Because of your directory requirements, one method for finding all of the files can be a double list.files:

ld <- list.files(pattern="^ABC$", include.dirs=TRUE, recursive=TRUE, full.names=TRUE)
lf <- list.files(ld, pattern="\\.xlsm$", ignore.case=TRUE, recursive=TRUE, full.names=TRUE)

To read them all into a list (good ref for dealing with a list-of-frames: http://stackoverflow.com/a/24376207/3358272):

lstdf <- sapply(lf, read_excel, simplify=FALSE)

This defaults to opening the first sheet in each workbook.
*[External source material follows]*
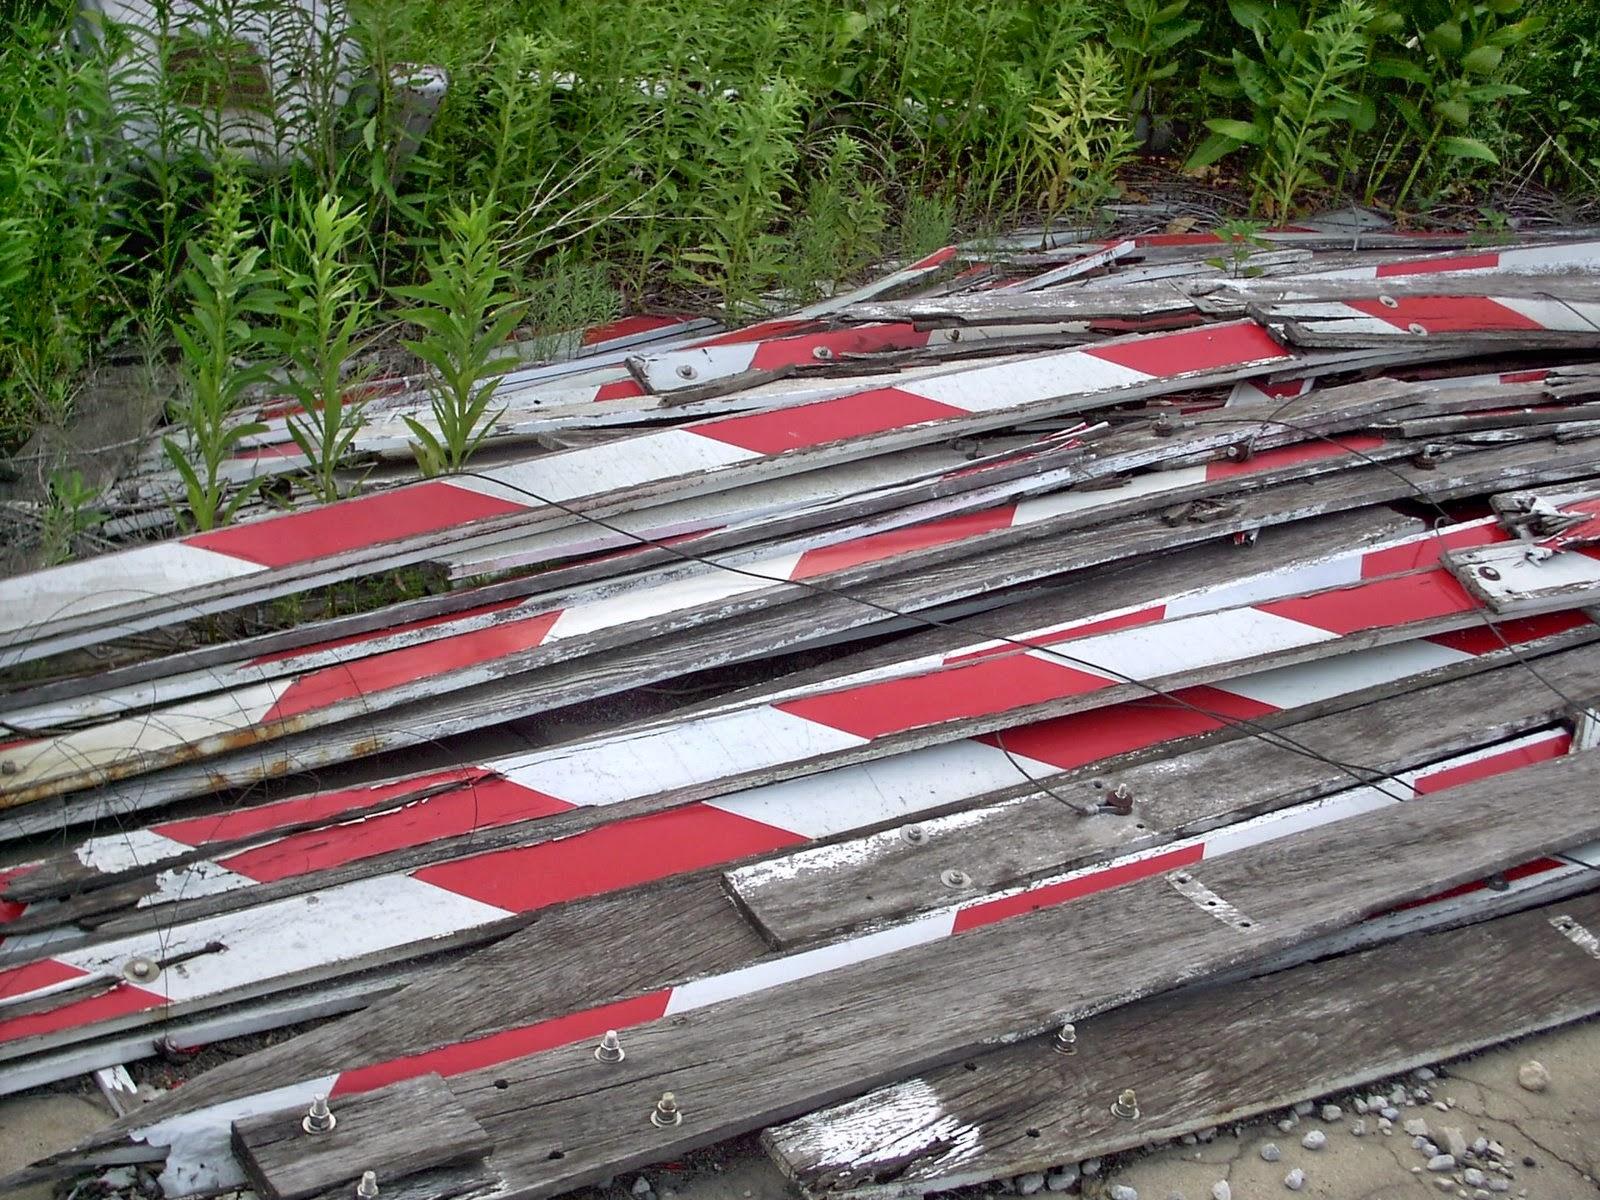 Eddie's Rail Fan Page: Discarded old wooden railroad
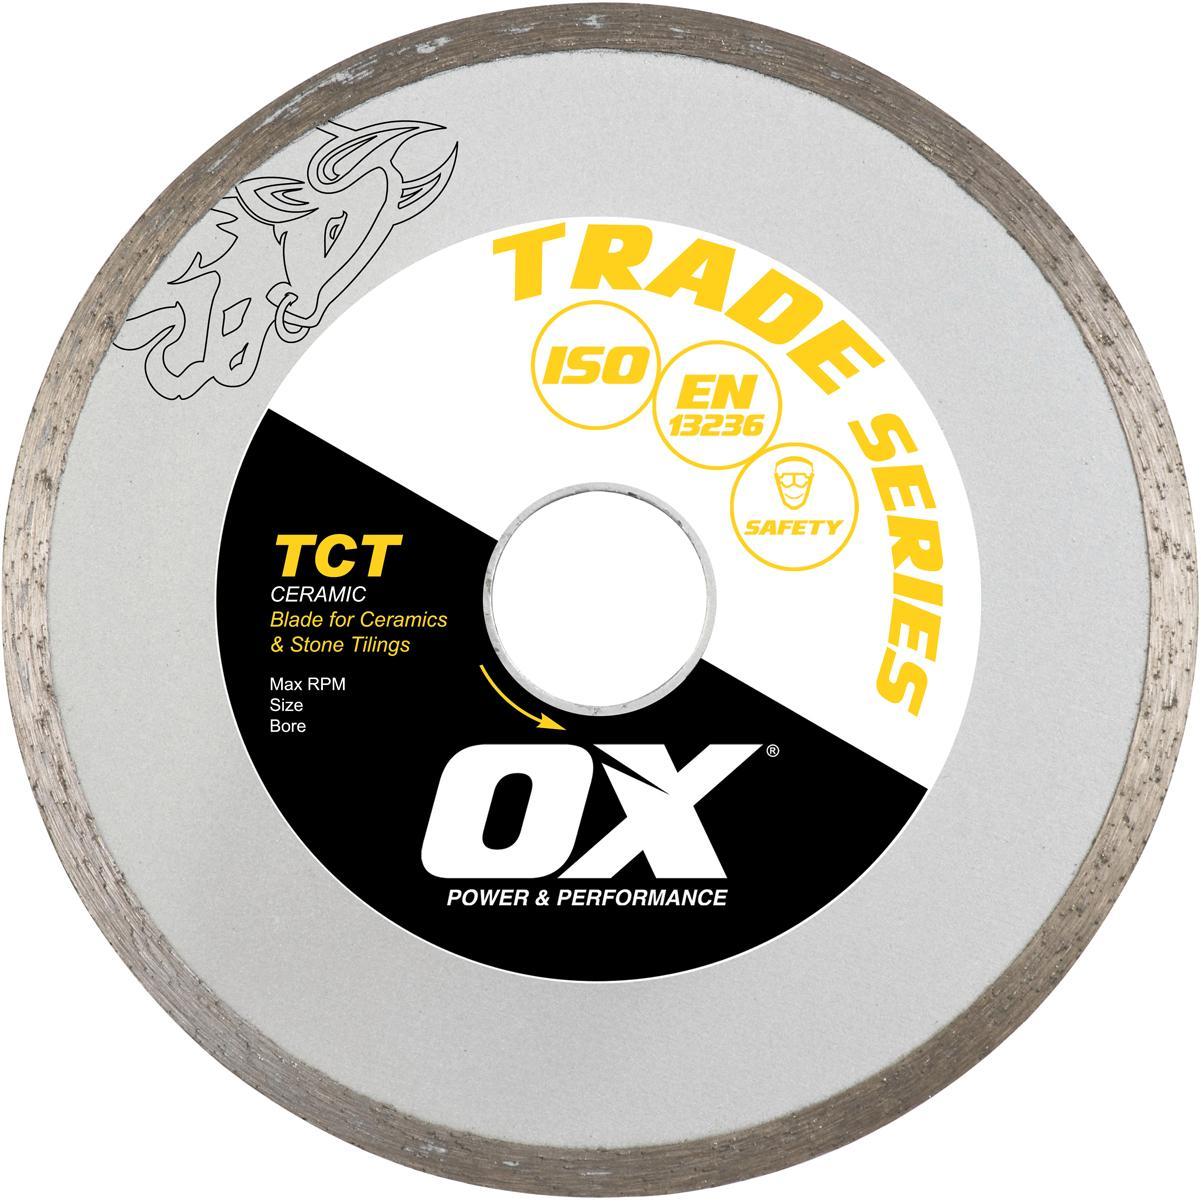 "Trade TCT 9"" Continuous Rim Diamond Blade - Ceramics by Ox"

Other options in readxl::read_excel that might be useful: sheet=, range=, skip=, n_max=.

r2evans
  • 141,215
  • 6
  • 77
  • 149
0

Given a list of *.xlsm files in your working directory you can do the following:

list.files(
    path = getwd(),
    pattern = glob2rx(pattern = "*.xlsm"),
    full.names = TRUE,
    recursive = TRUE
) -> files_to_read

lst_dta <- lapply(
    X = files_to_read,
    FUN = function(x) {
        cat("Reading:", x, fill = TRUE)
        openxlsx::read.xlsx(xlsxFile = x)
    }
)

Results

Given two files, each with two columns A, B and C, D the generated list corresponds to:

>> lst_dta
[[1]]
  C D
1 3 4

[[2]]
  A B
1 1 2

Notes

  • This will read all .xlsm files found in the directory tree starting from getwd().
  • openxlsx is efficient due to the use of Rcpp. If you are going to be handling a substantial amount of MS Excel files this package is worth exploring, IMHO.

Edit

As pointed out by @r2evans in comments, you may want to read *.xlsm files that reside only within ABC folder ignoring *.xlsm files outside the ABC folder. You could filter your files vector in the following manner:

grep(pattern = "ABC", x = files_to_read, value = TRUE)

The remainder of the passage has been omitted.